Но все чаще и чаще страницы дневника прерывались. От тревожных слов и наполовину перерубленных, незаконченных фраз к Зуеву перешло смятение человека, писавшего эти строки.
«Сегодня опять напился…» — наконец прямо записала Зойка в одном месте. Дальше эти упоминания стали повторяться — вначале просто как констатация факта, а затем она стала, очевидно, призадумываться над причинами поведения своего мужа.
«Какой-то он теперь отрешенный и жалкий… Особенно после пьянки. Хорошо, что хоть так. Ведь наши русские, говорят, бьют своих баб в пьяном виде. А этот смотрит жалобными глазами и ничего не говорит. Я хорошо знаю, что он скрывает от меня что-то, вернее, скрывает и от своих и от меня…
Сегодня он пришел с дежурства совершенно трезвый, но принес с собой в баклажке шнапсу. Раньше он никогда не давал мне и не заставлял меня пить. А сегодня снял с полочки два стаканчика, вытер их, налил себе и мне. Мы выпили.

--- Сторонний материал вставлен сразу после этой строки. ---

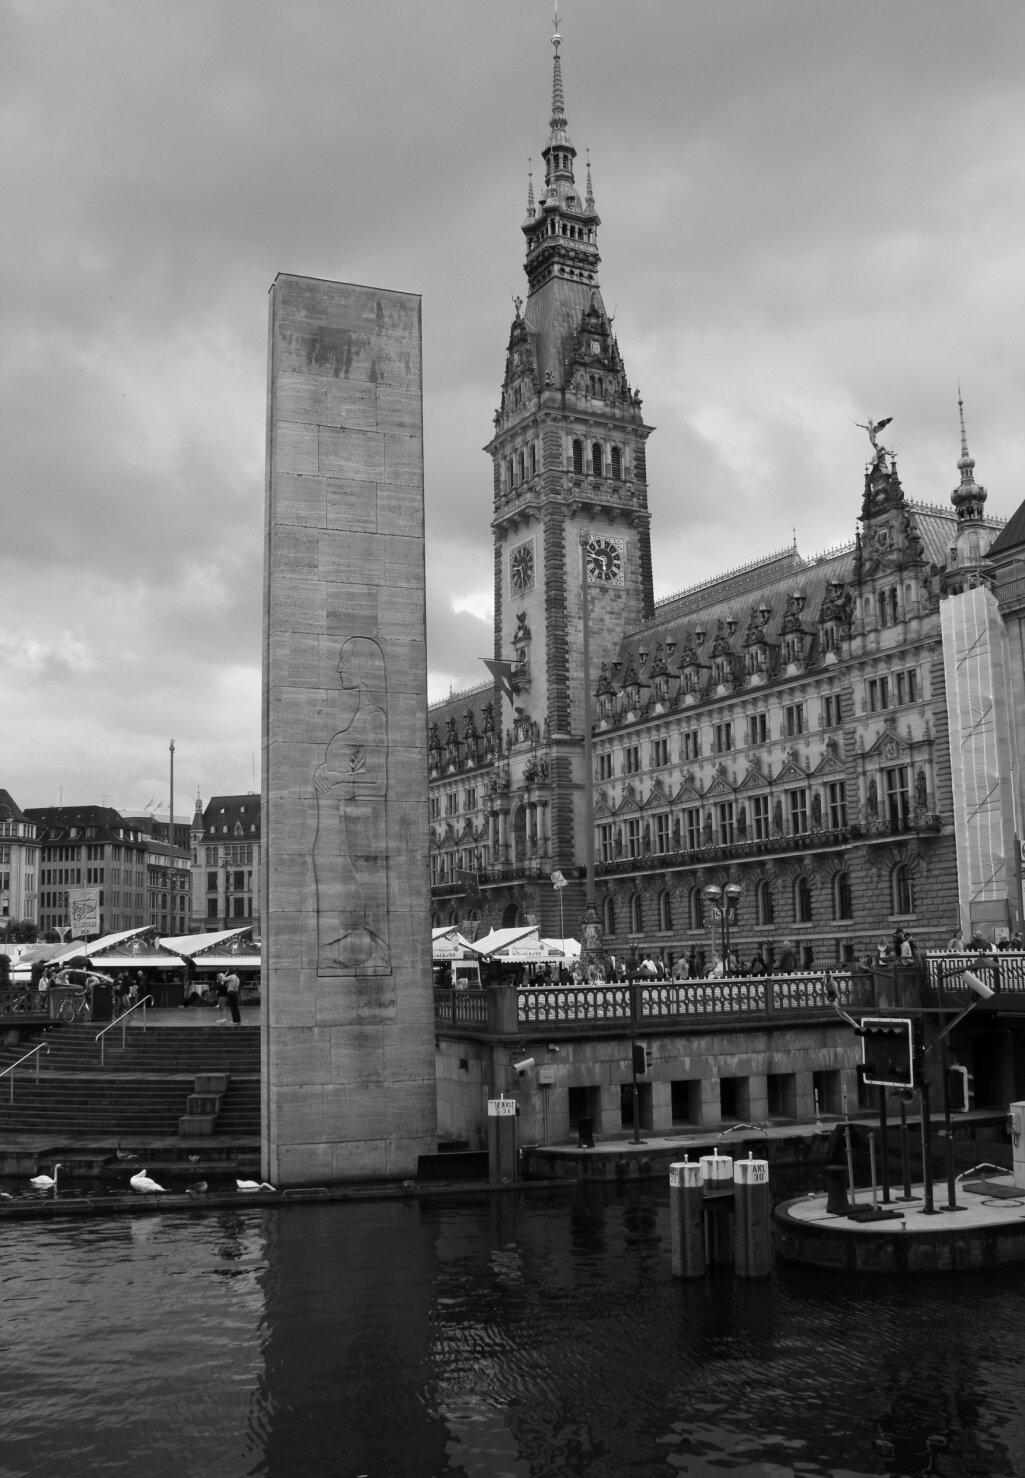 Ernst Barlach's memorial, Hamburg, photo by T. Ferenc.

— Какой же это шнапс? Эта наша русская самогонка, — шутя сказала я. Он утвердительно закивай головой. После второй рюмки у меня закружилась голова, и я не помню всего, о чем говорили. Но только Петер все расспрашивал меня о партизанах… Как будто бы я знаю, какие они! Странно! Он не верит, что я не знаю ничего, кроме того, что все говорят у нас в поселке. Только сейчас вспомнила, что, когда я, пьяненькая, шутя спросила: «Да ты уж не в партизаны ли собрался, мой дорогой?», он посмотрел на меня долгим взглядом и спросил: «А они не убьют?» Я поняла, что это был серьезный, важный в его жизни вопрос. И я сразу протрезвилась. Но он больше не спрашивал меня… Хмель пришел снова. И что я ни говорила, он мне не отвечал…»
Зуев перечитал эти три странички два раза и ухмыльнулся: «Свихнулся Зойкин немчура. А в общем, видать, парень был неплохой. А ну-ка, поглядим на даты». Это были первые числа июля 1943 года. «А, теперь понятно! Началась битва под Курском…» — подумал Зуев. «Вишь, как они, огромные исторические события, даже те, которые зовутся катаклизмами, отражаются на душевном состоянии отдельных людей. И даже таких разных. Вот Зойка, а вот ее фриц, а вот я… И Шамрай, Котька Шамрай, который, может быть, в то самое время лежал обожженный у своего танка под Прохоровкой… Эх, судьба, судьба-злодейка…» И ему вдруг стало до слез жалко их всех: и Шамрая, и Зойку, и Зойкиного Петера… и самого себя.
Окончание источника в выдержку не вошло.